従来の屋根構造の一例が特許文献1に開示されている。特許文献1の屋根構造は、車体の前後方向に延びる閉断面構造のルーフレールと、車体の幅方向に延びるハット形断面のルーフボウと、ピラーの上部に配置されたハット形断面のガゼット(サイドルーフクロスボウ)とを有している。前記ルーフボウは、前記ガゼットを介して、前記ルーフレールに溶接によって結合されている。
例えば大型観光バスでは乗客の見晴らしを良くするために、客室の床面を高くしたいわゆるハイデッカー車(high deck body)が採用されることがある。しかし床面位置が高くなると、天井が高くなり、車両重心位置も高くなるなど、走行安定性に影響が生じることが考えられる。そのため車体を軽くして車体の剛性を大きくし、コスト低減を図るために、車体の骨格部材に角パイプが使用されている。
例えば図8に示されるように、車体前後方向に延びる左右一対のサイドルーフレール1(一方のみ示す)と、これらサイドルーフレール1間に配置されたルーフボウ2とを有する屋根構造が知られている。この屋根構造においては、車体がねじれた際にルーフボウ2の結合部に大きな応力が発生するのを防止するために、サイドルーフレール1とルーフボウ2との間に、角パイプからなるルーフレール3が設けられている。そしてサイドルーフレール1とルーフレール3とを、サイドルーフクロスボウ4を介して互いに溶接部5によって連結し、ルーフ部の車体幅方向の側部の剛性を大きくすることにより、ルーフ部の変形量を小さくしている。
実開昭62−197478号公報
特許文献1の屋根構造は、ハイデッカー車のようにルーフ部の高さが大きい車両の場合にルーフ部の剛性が不足することがある。図8に示された従来の屋根構造は、重量が大きく、しかも溶接部が多数存在するため、ルーフ部を組立てる際の作業の負担が大きい。
従って本発明の目的は、ルーフ部の剛性が大きくかつ軽量に構成することができる車体の屋根構造を提供することにある。
本発明の車体の屋根構造は、車体のルーフ部の両側部に車体前後方向に延在し、それぞれが矩形の閉断面構造をなすパイプ状の左右一対のサイドルーフレールと、前記一対のサイドルーフレール間で車体幅方向に延在し、車体前後方向に間隔をなして複数配設され、それぞれが閉断面構造をなしかつ車体幅方向に向けて開口する開口端を有するパイプ状のルーフボウと、前記ルーフボウと前記サイドルーフレールとの間に車体前後方向から見て湾曲した形状をなして配置されたサイドルーフクロスボウとを備えている。このサイドルーフクロスボウは、車体側方から見て上部側の一端から下部側の他端に向って扇形に広がる形状でかつ閉断面構造をなし、前記一端が前記ルーフボウの前記開口端に嵌合した状態で固定され、前記他端が前記サイドルーフレールに固定されている。
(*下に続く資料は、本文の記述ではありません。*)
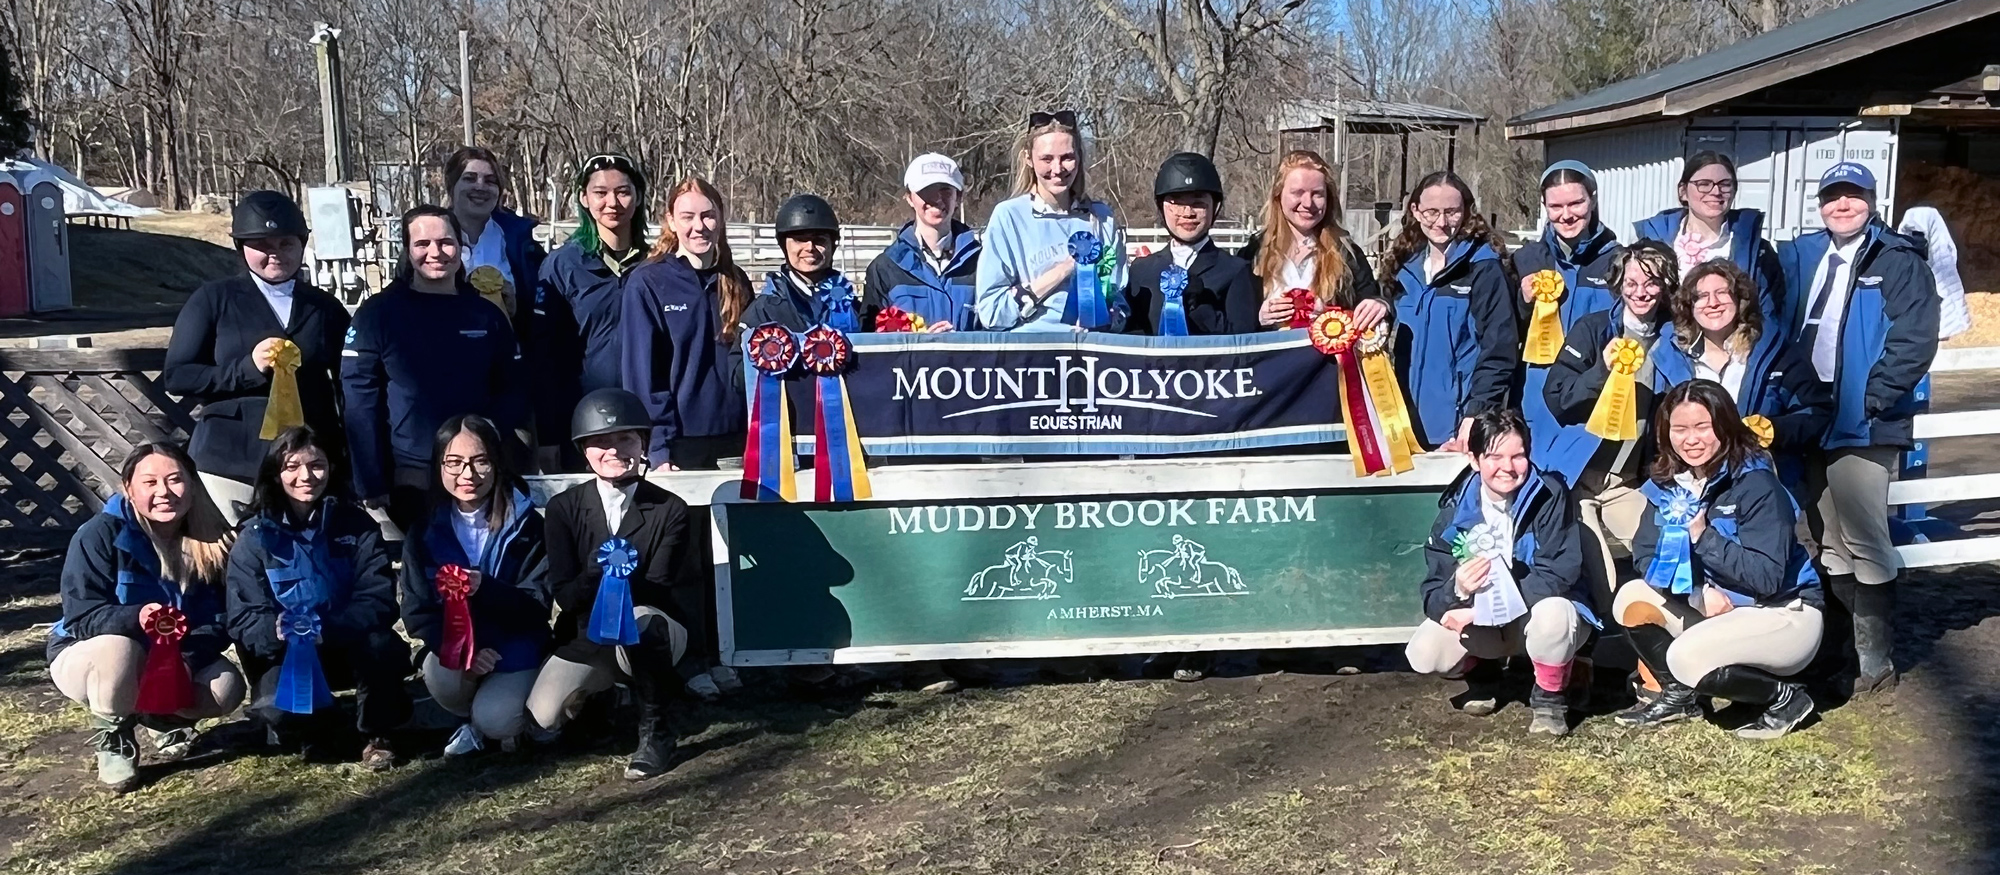 The Mount Holyoke College equestrian team took third place among eight teams at the UMass-Amherst Show held Sunday, March 3, 2024 at Muddy Brook Farm in Amherst.

本発明の好ましい形態では、前記サイドルーフクロスボウの前記他端の下縁が、前記サイドルーフレールの上面に、車体幅方向のほぼ全域にわたり溶接されている。
また前記サイドルーフクロスボウは、車体前後方向に沿う断面がハット形断面をなし車体前後方向の両側にフランジ部を有するクロスボウ本体と、前記クロスボウ本体の下面側に重ね合わせて固定することにより前記クロスボウ本体の前記ハット形断面の開口を閉塞する補強プレートとを有し、前記補強プレートの車体前後方向の幅が前記クロスボウ本体の車体前後方向の幅よりも大きく、前記補強プレートの車体前後方向の両側に前記フランジ部から突出する張出し部を有し、前記補強プレートの上部に、前記ルーフボウの下面を重ねて固定する第1接合しろを有するとともに、前記補強プレートの下部を前記サイドルーフレールの車体幅方向の内側の面に重ねて固定する第2接合しろを有していてもよい。
また前記サイドルーフクロスボウは、車体前後方向に沿う断面がハット形断面をなし車体前後方向の両側にフランジ部を有するクロスボウ本体と、前記クロスボウ本体の下面側に重ね合わせて固定することにより前記クロスボウ本体の前記ハット形断面の開口を閉塞する補強プレートとを有し、前記補強プレートの車体前後方向の幅が前記クロスボウ本体の車体前後方向の幅よりも大きく、前記補強プレートの車体前後方向の両側に前記フランジ部から突出する張出し部を有し、前記補強プレートの上部に、前記ルーフボウの下面を重ねて固定する第1接合しろを有するとともに、前記補強プレートの下部を前記サイドルーフレールの車体幅方向の内側の面に重ねて固定する第2接合しろを有していてもよい。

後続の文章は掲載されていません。